Task goal - The answer must consist solely of the lines from the line with "International Relations Jeremy" to the final line of the data below, reproduced exactly, pictures omitted.

Recorded data -
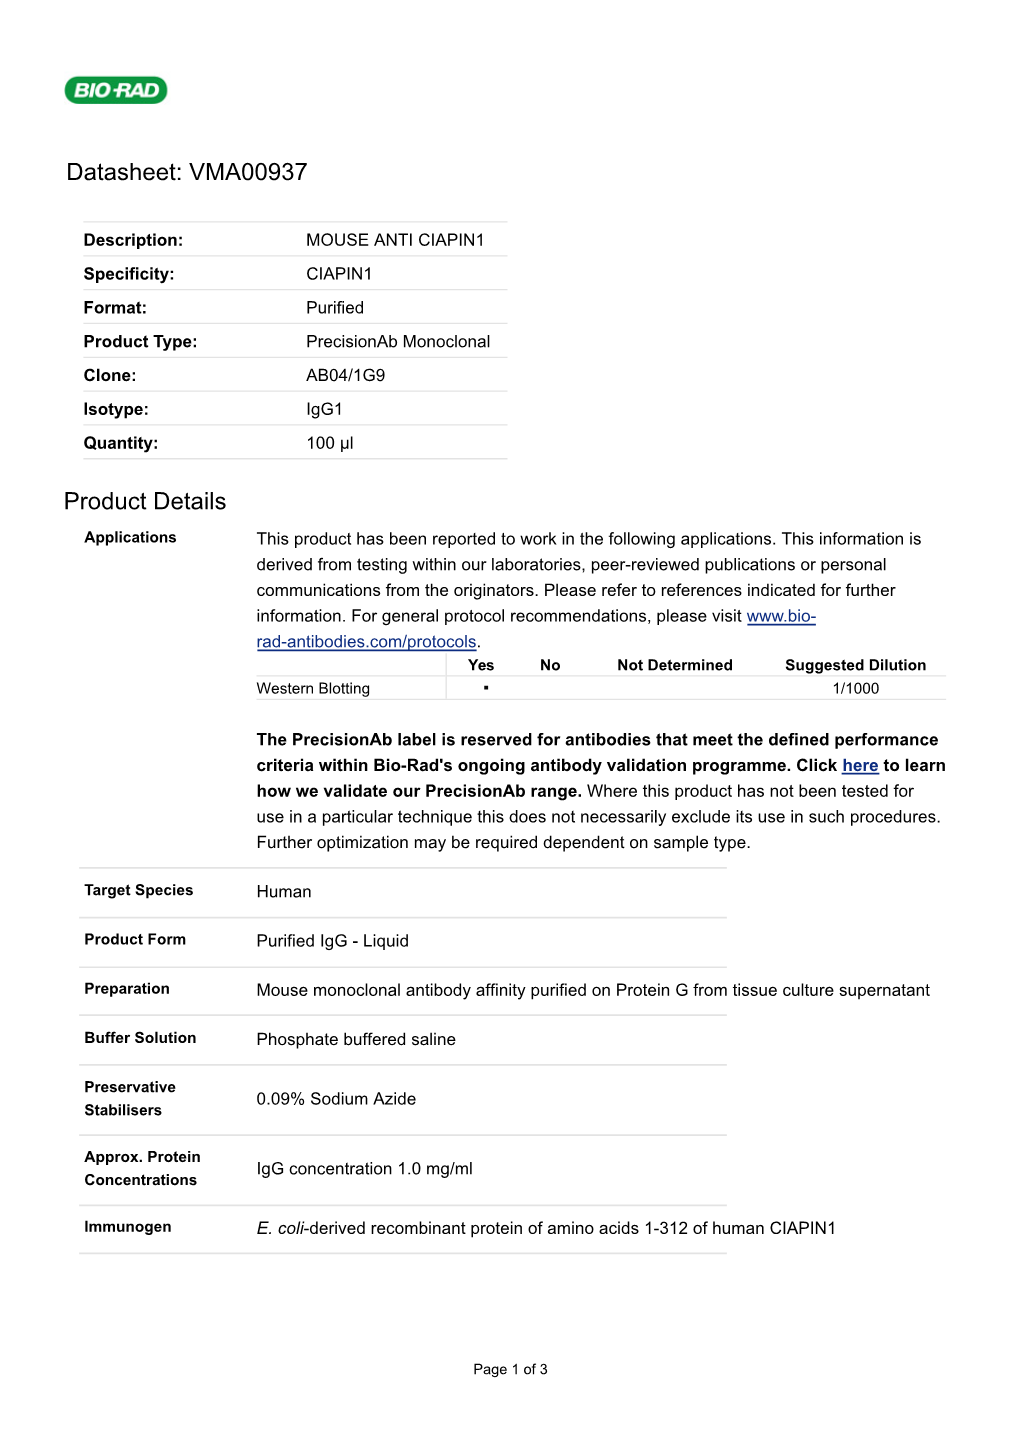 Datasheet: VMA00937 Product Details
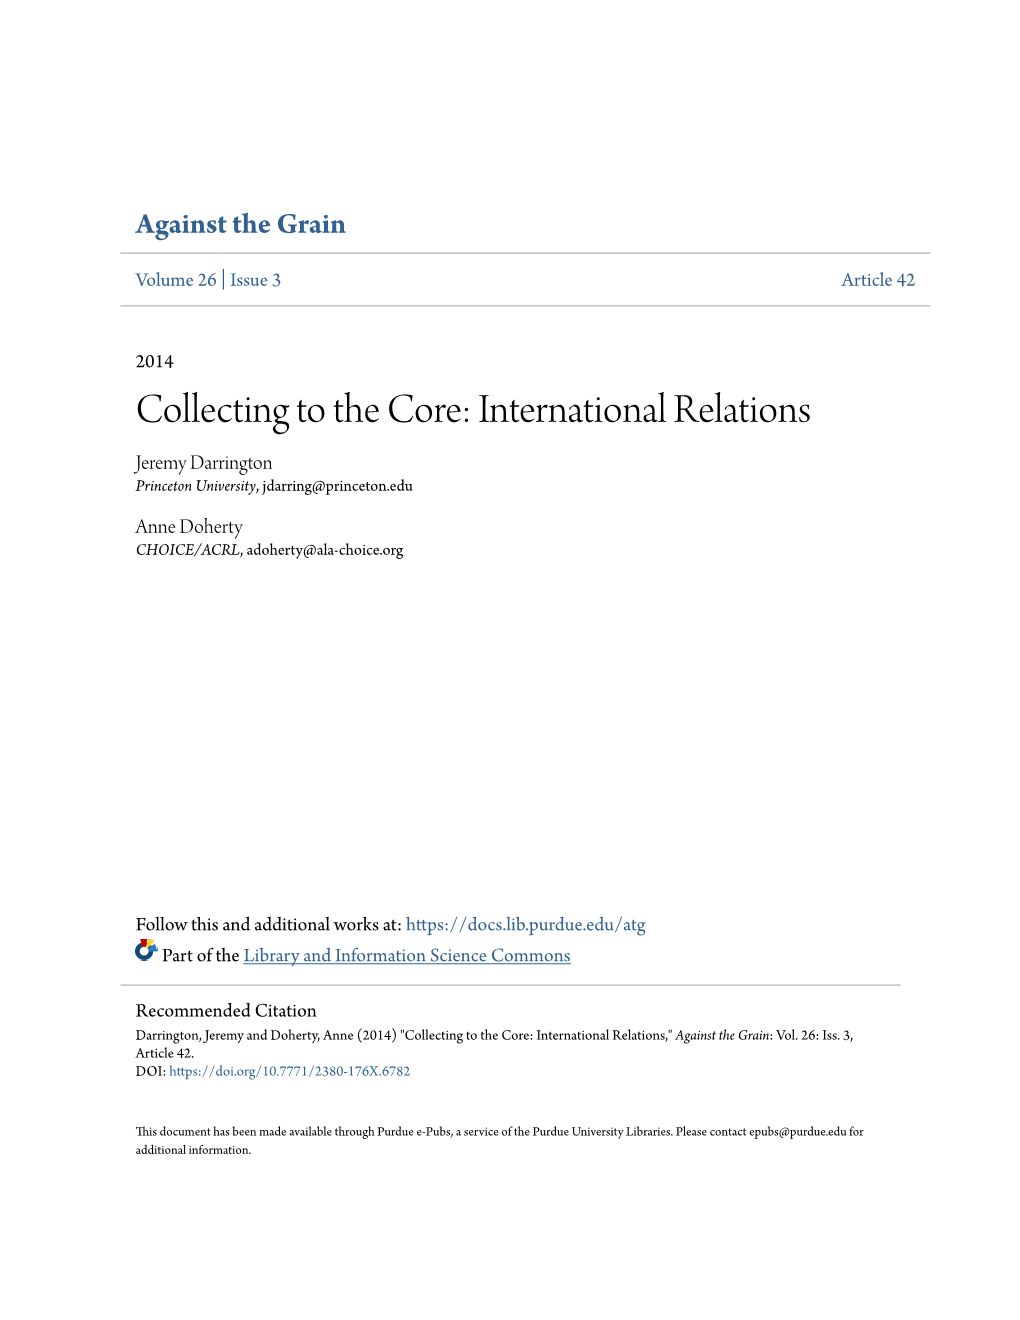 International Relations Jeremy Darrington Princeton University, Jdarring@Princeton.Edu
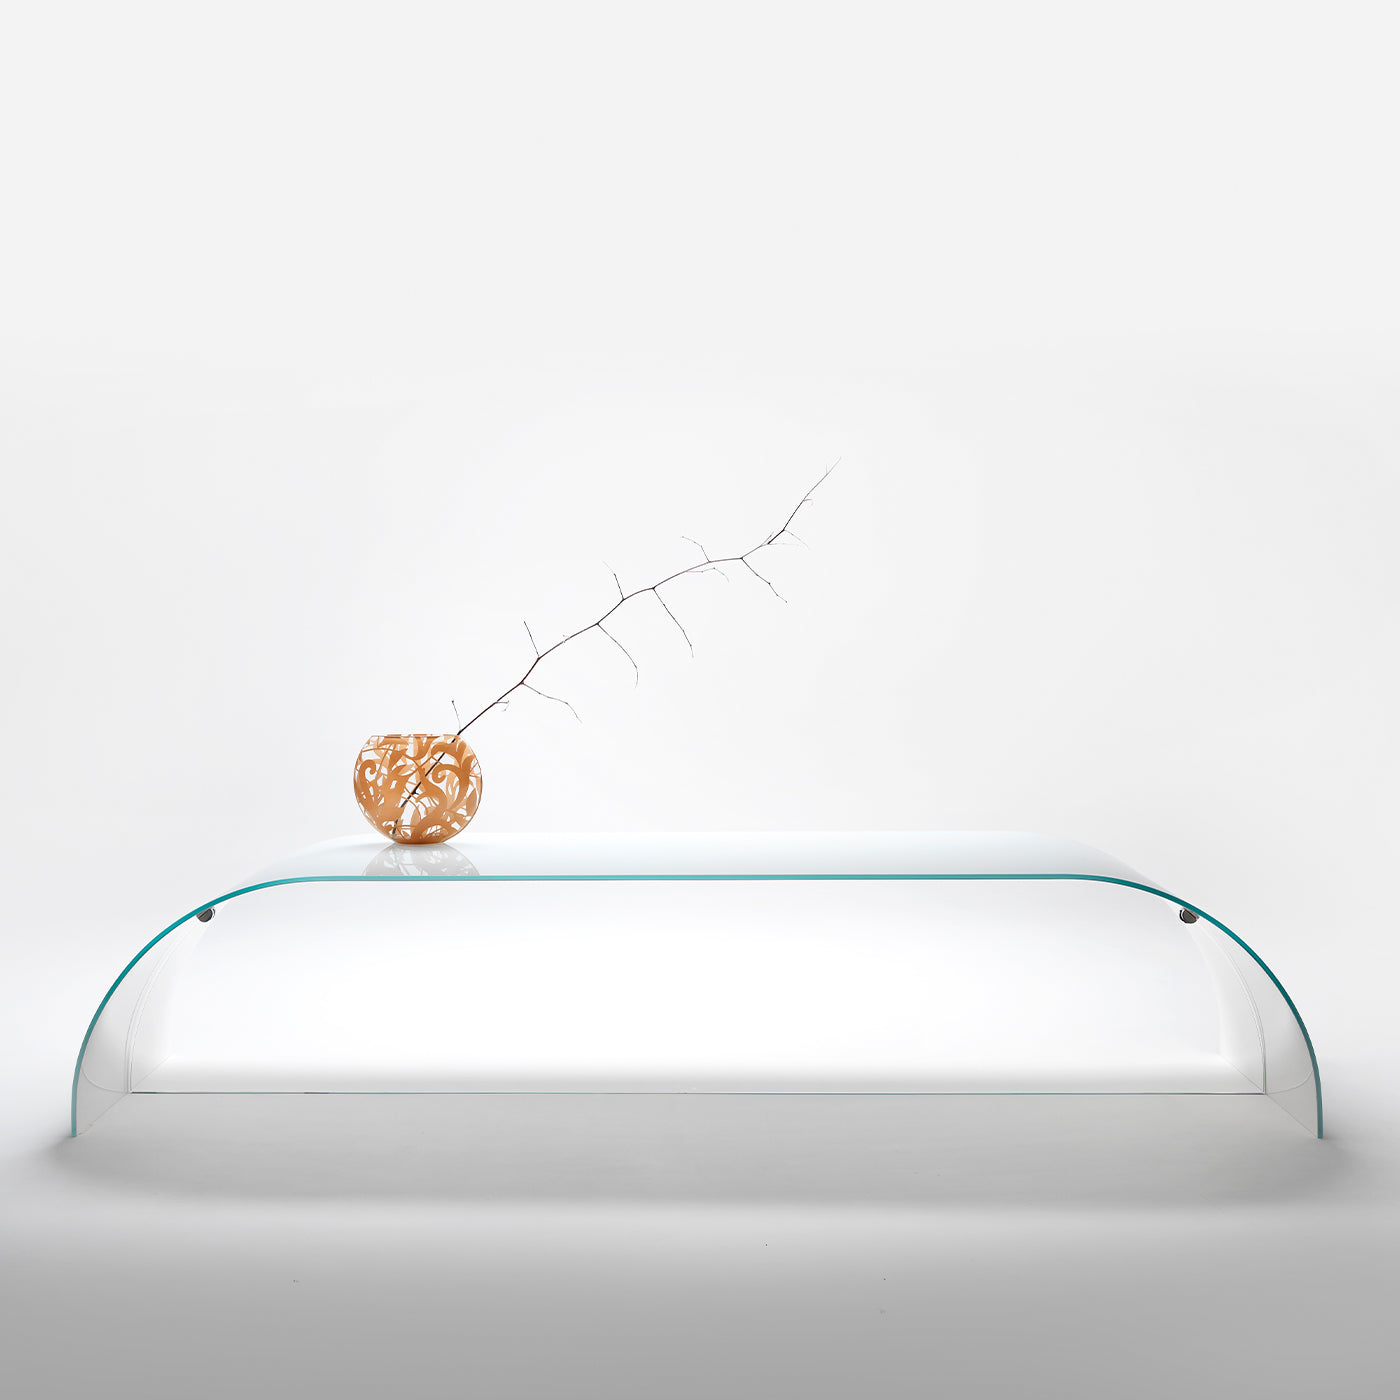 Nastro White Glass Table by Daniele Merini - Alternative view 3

Output of the task -
 International Relations Jeremy Darrington Princeton University, Jdarring@Princeton.Edu
 Nastro White Glass Table by Daniele Merini - Alternative view 3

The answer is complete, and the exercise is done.